“There are women who hate it to be known when they are ill. Catherine Bewdley went away without a word and was operated on at Lausanne, and not one of us knew of it till it was all over. I don’t quite like the look of things. Letters not being forwarded—ha!”
“But near Monte Carlo!”
“Is it near Monte Carlo?”
He pursed his lips and went into the club looking grave, while Craven went out into the night. It was black and damp. The pavement seemed sweating. The hands of both autumn and winter were laid upon London. But soon the hands of autumn would fail and winter would have the huge city as its possession.
“Is it Monte Carlo?”
Braybrooke’s question echoed in Craven’s mind. Could he have done Lady Sellingworth a wrong? Was there perhaps something behind her sudden departure in silence which altogether excused it? She might be ill and have disappeared without a word to some doctor’s clinic, as Braybrooke had suggested. Women sometimes had heroic silences. Craven thought she could be heroic. There was something very strong in her, he thought, combined perhaps with many weaknesses. He wished he knew where she was, what she was doing, whom she was with or whether she was alone. His desire trailed after her against his will. Undoubtedly he missed her, and felt oddly homeless now she was gone.
CHAPTER II
Miss Van Tuyn believed that things were coming her way after all. Young Craven was suddenly released, and another very strong interest was dawning in her life. Craven had not been wrong in thinking that she was secretly excited when he met her in the hall at Claridge’s. She had fulfilled her promise to Dick Garstin, driven to fulfilment by his taunt. No one should say with truth that she was afraid of anyone, man or woman. She would prove to Garstin that she was not afraid of the man he was trying to paint. So, on the day of their conversation in the studio, she had left Glebe Place with Arabian. For the first time she had been alone with him for more than a few minutes.
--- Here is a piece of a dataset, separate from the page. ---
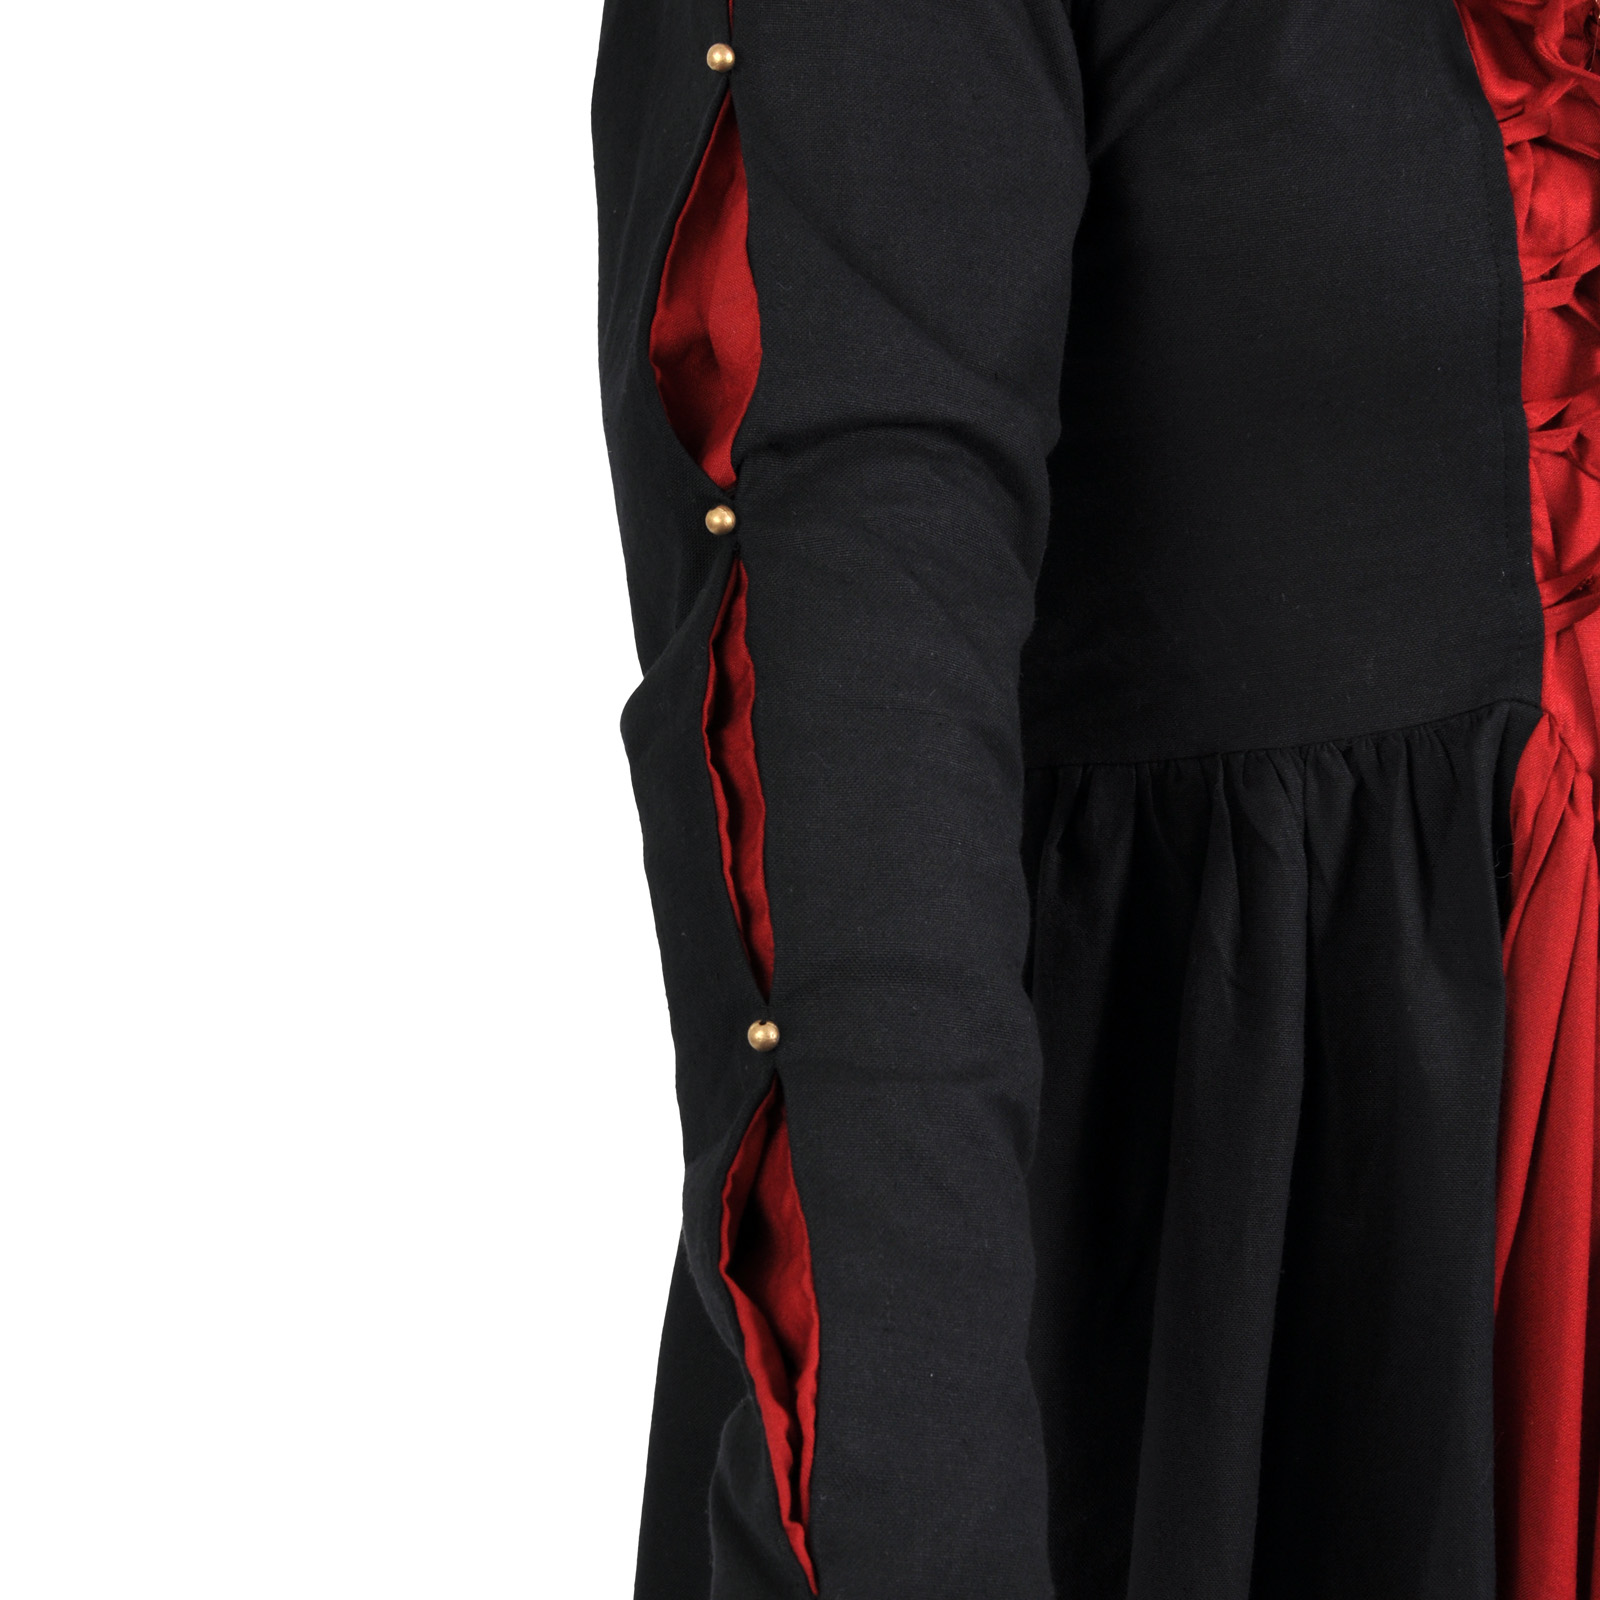 Robe Médiévale Orianne Noir-Rouge

She had gone both eagerly and reluctantly; reluctantly because there was really something in Arabian which woke in her a sort of frail and quivering anxiety such as she had never felt before in any man’s company; eagerly because Garstin had put into words what had till then been only a suspicion in her mind. He had told her that Arabian was in love with her. Was that true? Even now she was not sure. That was part of the reason why she was not quite at ease with Arabian. She was not sure of anything about him except that he was marvellously handsome. But Garstin was piercingly sharp. What he asserted about anyone was usually the fact. He could hardly be mistaken. Yet how could a woman be in doubt about such a thing? And she was still, in spite of her vanity, in doubt.